Captive insurance is a very powerful tool in insuring against business risks. An IRC §162 deduction is available for insurance premiums paid by the insuring business, plus up to $1.2 million of the captive insurance company’s earnings may escape taxation. The IRS is aware of these powerful benefits and believes that many of these arrangements exist for the tax benefits rather than to provide valid insurance.
In examining a captive arrangement, the IRS will initially demand copies of all promotional materials. Throughout the IRS examination, the IRS has made it clear it will look for the following “red flags”:
• Materials emphasizing the income tax goals of the captive insurance arrangement; i.e. the materials emphasize premium deductions versus insurance needs.
• The realistic probability of coverage applying to the business. If the likelihood of the insurable event happening is low, the IRS believes the cost of coverage should likewise be low.

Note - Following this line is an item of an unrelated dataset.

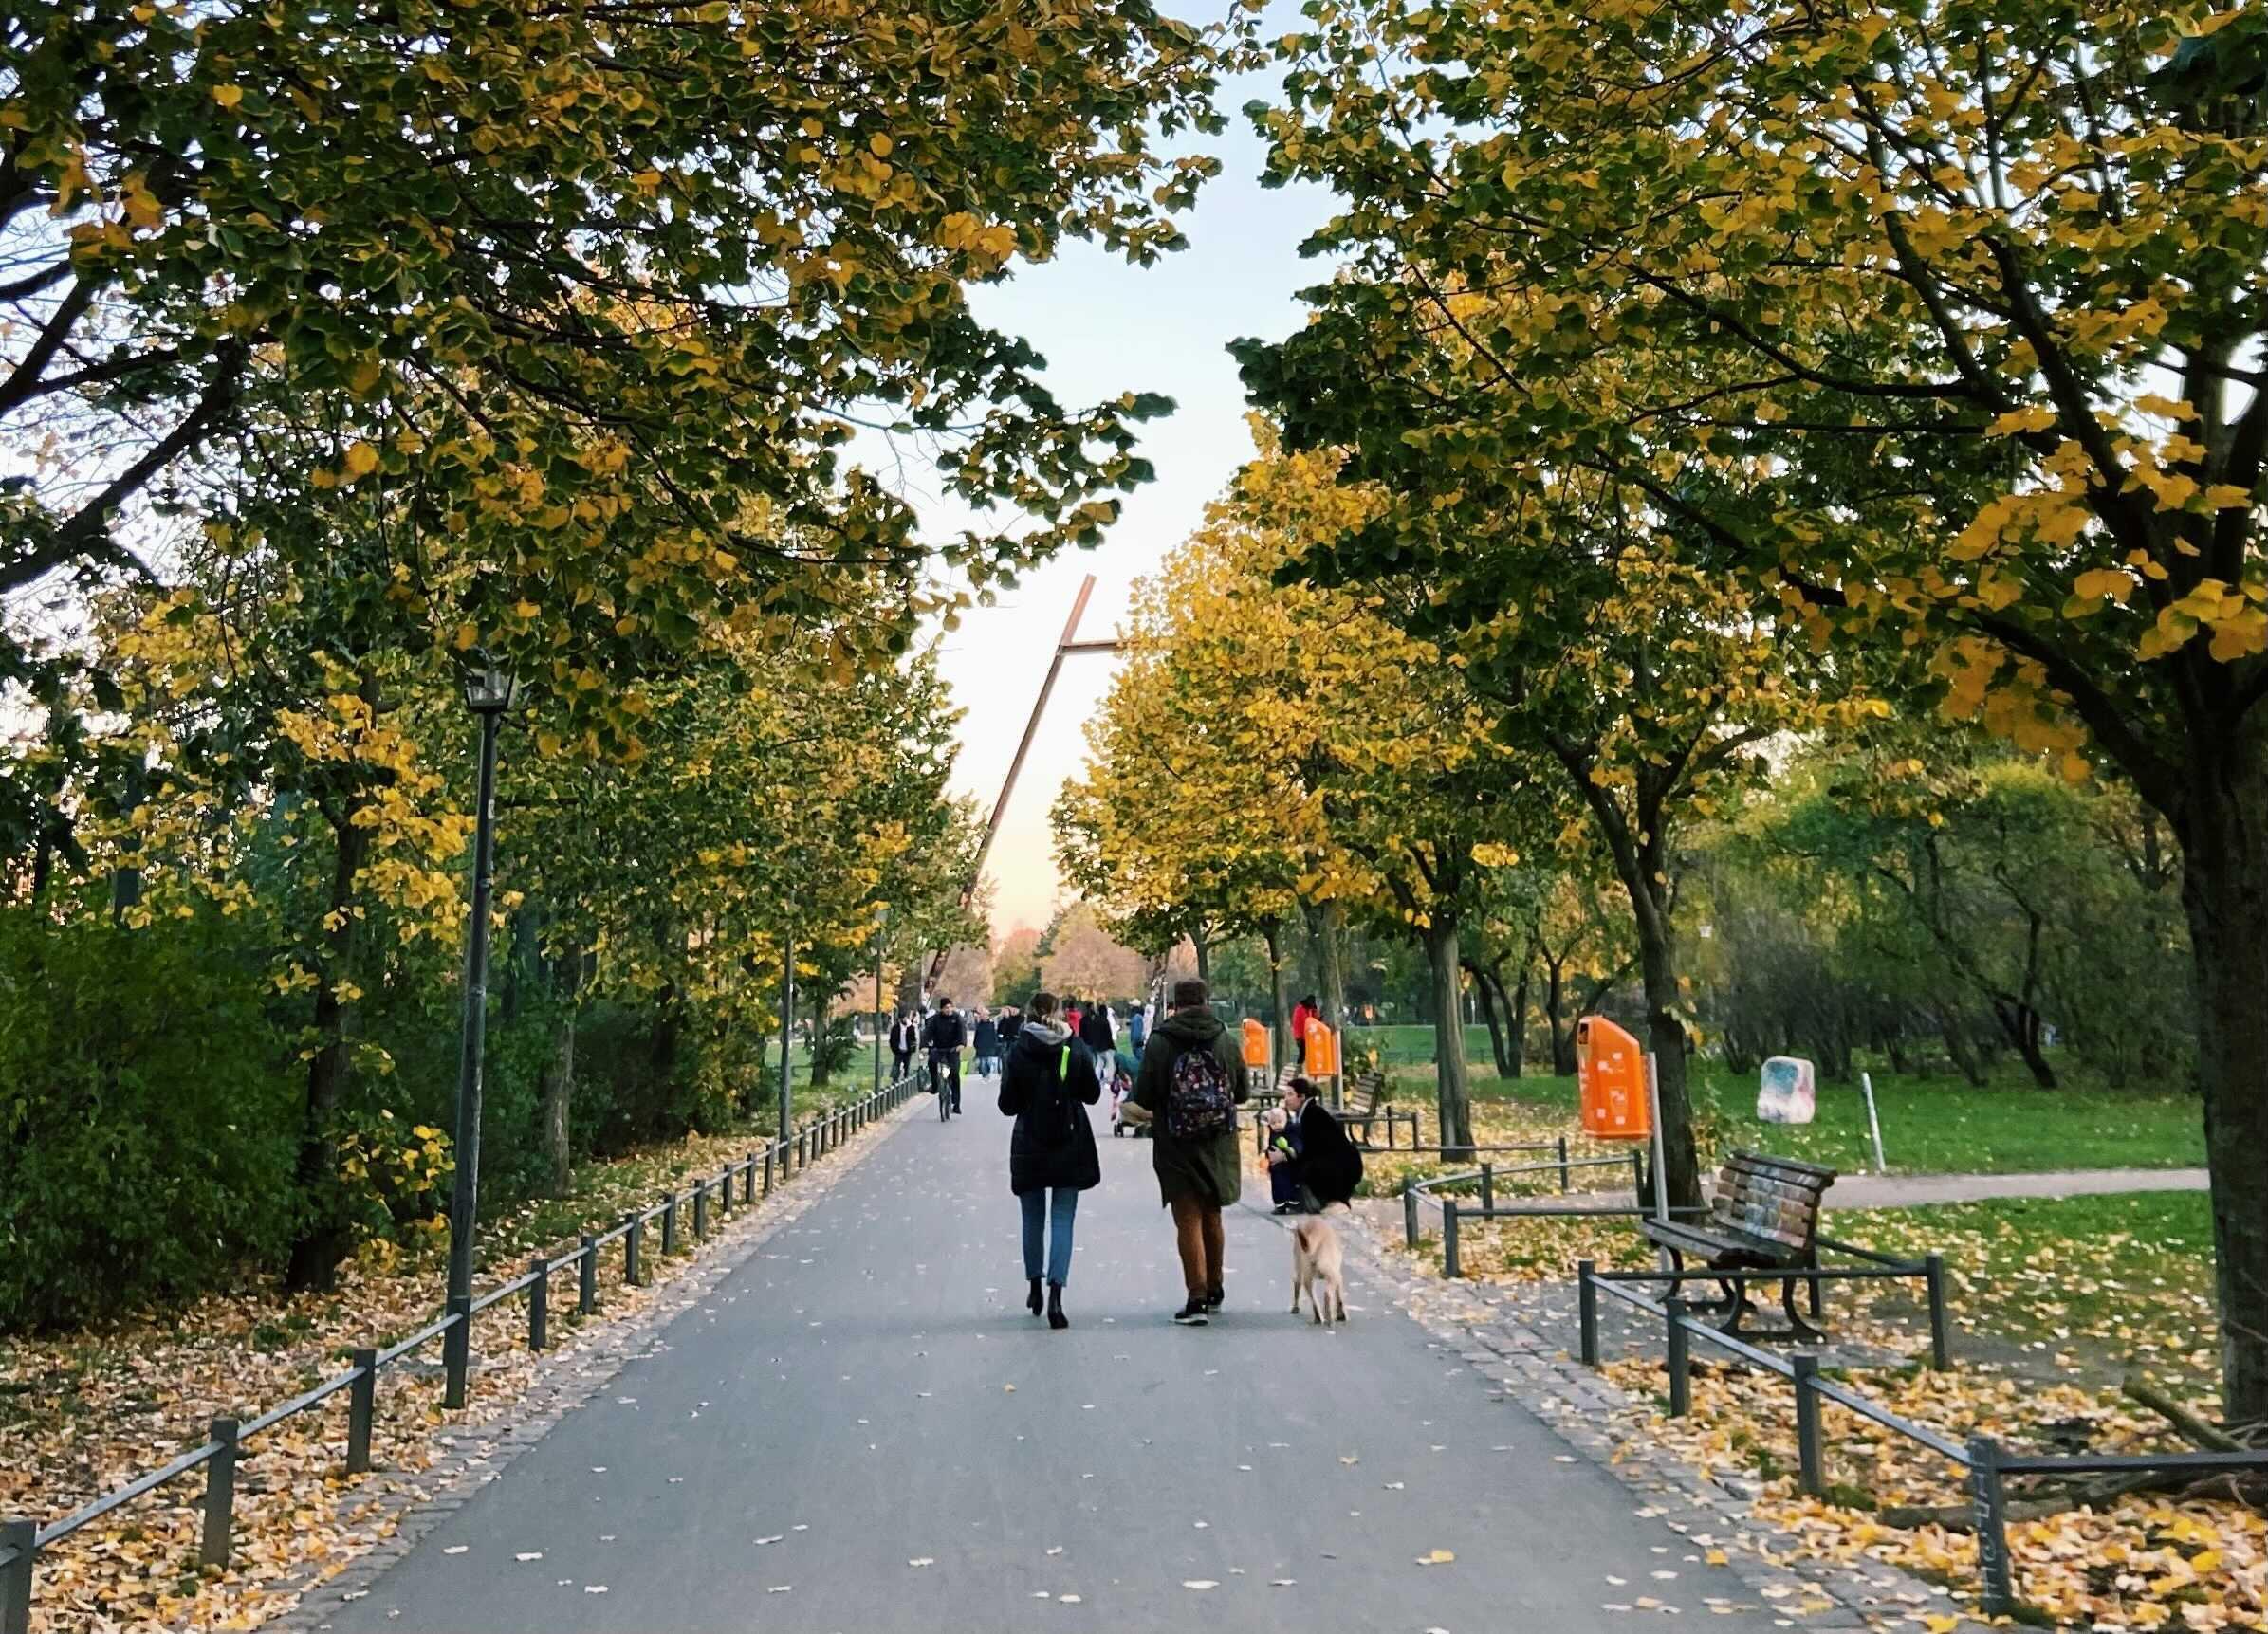 11 Typen, die euch in Berlin beim Spaziergang begegnen

• Reverse engineering the amount of premiums to equal exactly the $1.2 million exemption
• An impermissible circular flow of funds, i.e. where the premium monies, either through loans or distributions, end up in the hands of the insured business or a closely related party).
• Lack of adequate risk distribution or risk shifting. This arises where the captive insures only the single business and simply holds the premium monies in the event of a claim.
• Failure to obtain an actuarial study supporting the premiums charged (a valid underwriting process) by the captive.
• No analysis of the cost and availability of commercial insurance in the non-captive market. Insurance rates far in excess of commercially available rates indicate a tax purpose versus insurance purpose.
• Materials emphasizing the estate planning benefits of the captive insurance structure. The IRS position is that I.R.C. §831(b) was not enacted as an estate planning tool, but to assist taxpayers who want to manage risk.
• The existence of guarantees, which is a sign of inadequate capitalization.
• Lack of claims history. No claims indicates that the insurance pool is insufficient and risk shifting may not exist.
These “red flags” do not automatically invalidate a captive arrangement. However, they are indicators that in substance the captive arrangement lacks risk shifting, risk distribution, and fails to qualify as insurance in the commonly accepted sense.